Maîtres(ses) et soumis(es),
Je découvre toutes les sensations du BDSM avec un Maître accompli, attentionné, patient et aimant au quotidien. J’en retire un plaisir encore plus exceptionnel qu’il prend soin de moi.
J’assume parfaitement le plaisir physique et cérébral de satisfaire mon Maître, cela m’excite et me rend fière ! Mon corps en est profondément apaisé et je suis sereine d’avoir répondu de mon mieux à ses désirs.
Mais … Comment puis-je aimer ça ?! Renoncer à la bienséance qui m’a été inculqué et lui sacrifier un peu de ma « dignité ». Comment puis-je aimer ces choses qui me gênent tant ? Comment puis-je avouer que j’aime l’embarras et la gêne qu’il m’impose ?
J’ai honte de ressentir du plaisir dans certaines situations qu’il veut pour moi.

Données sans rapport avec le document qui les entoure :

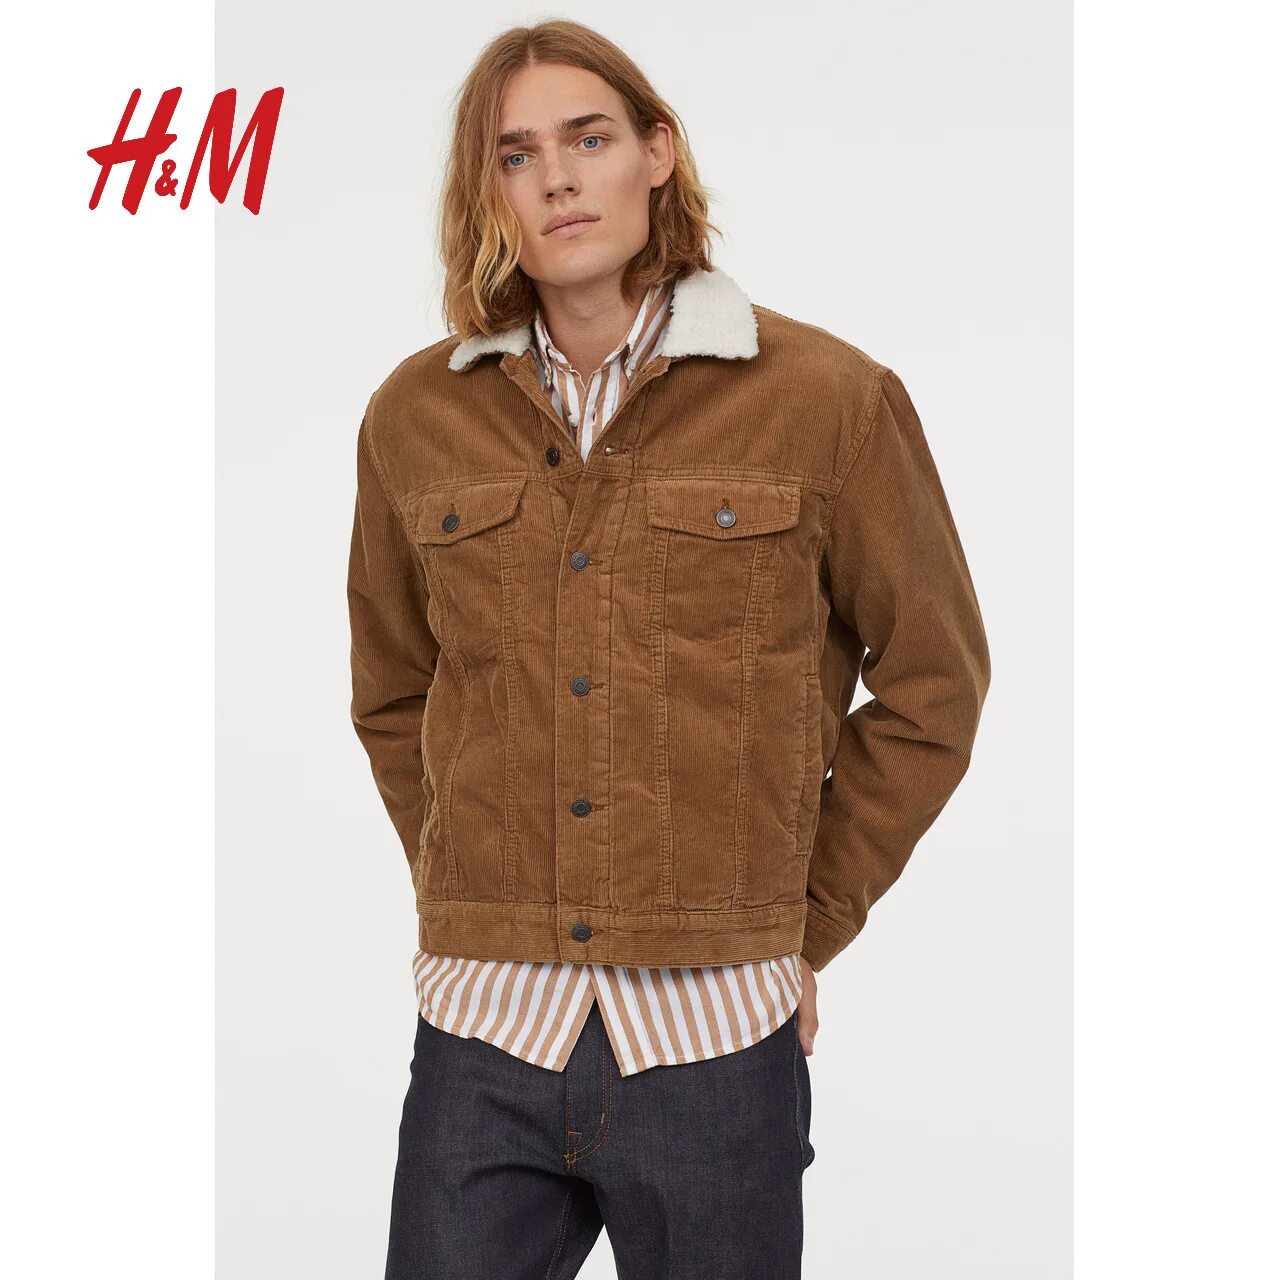 Куртка h m мужская. Вельветовая куртка HM мужская. Вельветовая куртка Tom Tailor. Куртка h&m коричневая мужская вельвет. Redskins вельветовая куртка мужская.

J’ai honte d’aimer …
J’ai honte d’être intriguée à ce point par certaines pratiques qu’il évoque, pas pour moi mais dont il parle parfois et qu’il a déjà vécu comme …
J’ai honte d’avouer que j’espère ardemment ressentir le plaisir que me procurerait …
Est-ce de l’humiliation ? L’humiliation est-elle juste le fait de ressentir de la honte ? Ou ce que je ressens porte peut être un autre nom…
Je ne sais pas si je définis correctement ce que je perçois et si j’emploie les bons termes… Mon Maître le sait sans doute mieux que moi, et c’est tout aussi bien ainsi.